Main Man said, “Ha ha.”
I told him, Yeahyeah.
The end-of-lunch tone got born and died.
“Go to your carrels,” Botha said. He was standing by the doorway, clipboard in claw.
As I was getting up from the teacher cluster, Ronrico Asparagus and Jenny Mangey entered the Cage and rushed me so fast I flinched. “We have questions,” said Mangey.
The two of them came across the room with me and when I turned my head to look at Benji, he made a crumpled face = “Why is Asparagus walking beside you as though he were other than a longtime foe of ours?”
At my carrel, I sat, and Mangey handed me a piece of paper that looked like
WE DAMAGE
DAMAGE WE
WE DAMAGE WE
“Which one is right?” Mangey said.
I stared at the words, trying to understand.
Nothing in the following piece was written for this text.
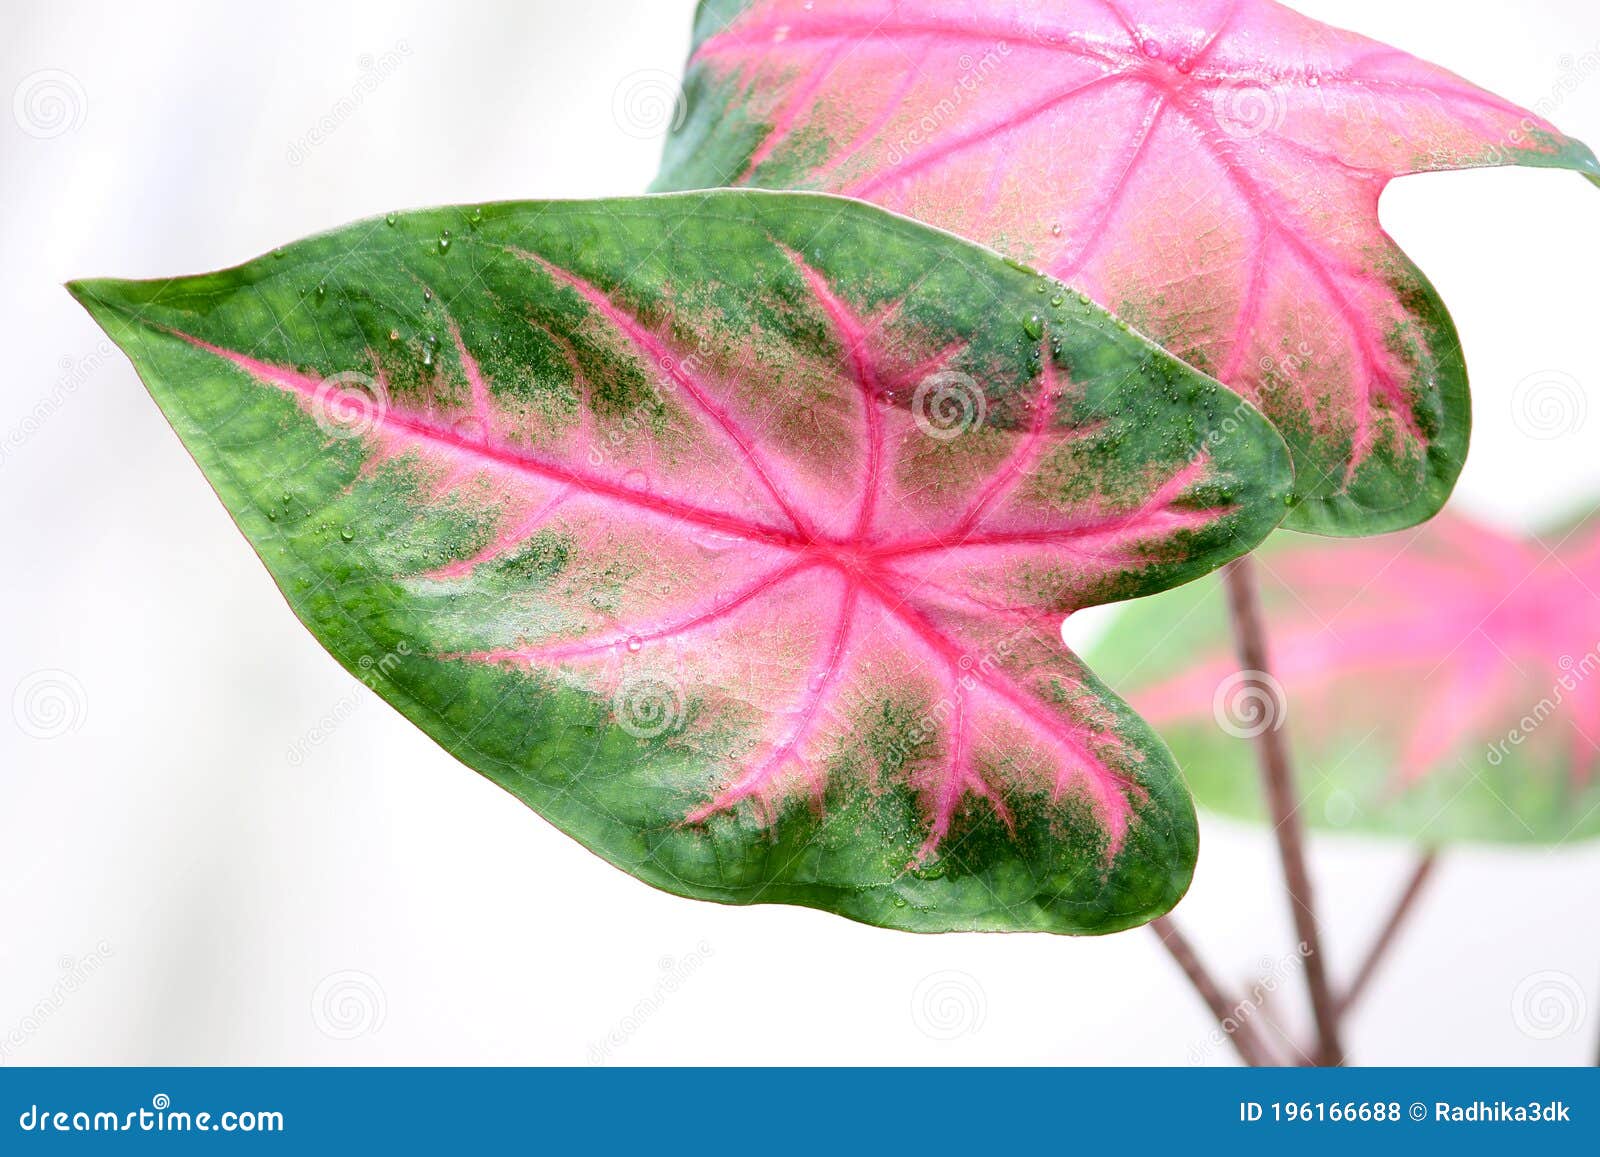 Heart Shape Caladium Plant Angel Wings Stock Photo - Image of isolated ...

Mangey leaned in close. She was bright pink along the hairline from scratching. Ronrico leaned in close, too, not smelling like pee. If his pee was as pungent as it was said to be, then he did not get any on his pants, which was a blessing. I had never peed beside him, so I didn’t know the true strength of his pee’s smell. The “Ronrico Asparagus has pee so pungent” saying was invented before I got to Aptakisic. Most people said Nakamook invented it, but Nakamook said it was the Janitor. I thought it was Nakamook. It was just the kind of pithy saying Benji would’ve invented, and he was the kind of person who would have given credit to someone else for it, if giving credit to someone else would have made it funnier, which it definitely would have since the Janitor was Ronrico’s closest friend, and his being the inventor would not only be very kaufman — the only thing more kaufman than to sniff a friend’s pee was to sniff a friend’s pee and then speak of what you’d sniffed — but would augment the saying with a sub-plot of betrayal.
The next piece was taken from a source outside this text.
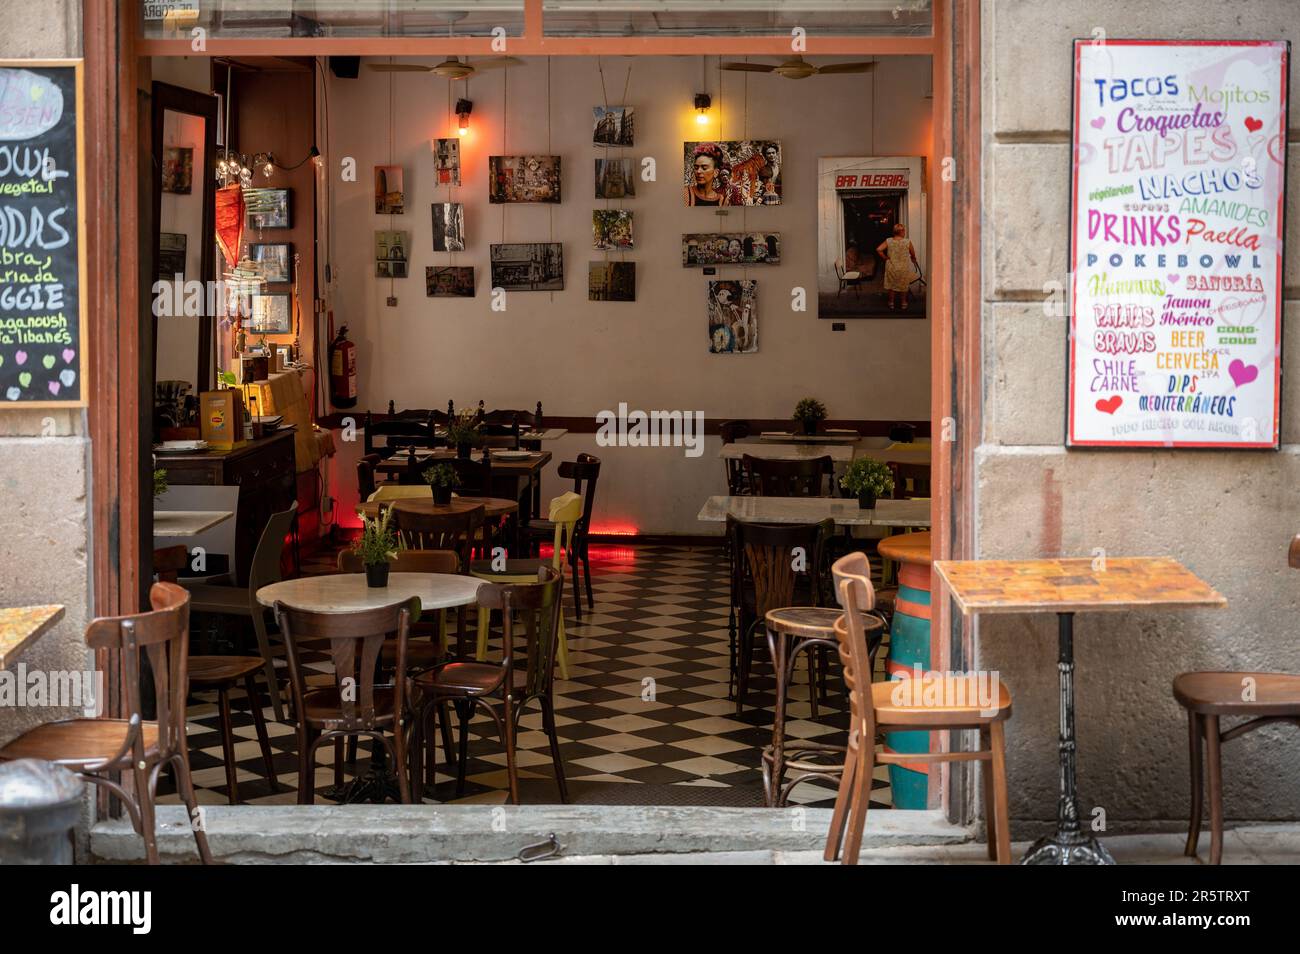 Un joli petit bar dans un coin du quartier gothique de Barcelone, Espagne Banque D'Images

“Which one?” Mangey said to me.
Ronrico said, “It’s one of the first two. I know it.”
Mangey whispered, “Ronrico was bombing the lunch tables and the bleachers with the first two, and he thought he was so smart, but I told him he was not so smart and that he should write WE on both sides of DAMAGE.”
Ronrico said, “You didn’t say which side of damage we were on, Gurion, but you did say we were on the side of it; not the sideszzz of it. You said the side.”
Oh! At the end of Group you mean, I said.
“Yeah,” Mangey said. “What do you think we mean? Jeez.”
The Janitor came over, and he leaned in. That was three people leaning close to me. I thought: Now it is a huddle. I thought: Don’t touch my head.
Ronrico said, “Back off a little, Mikey.”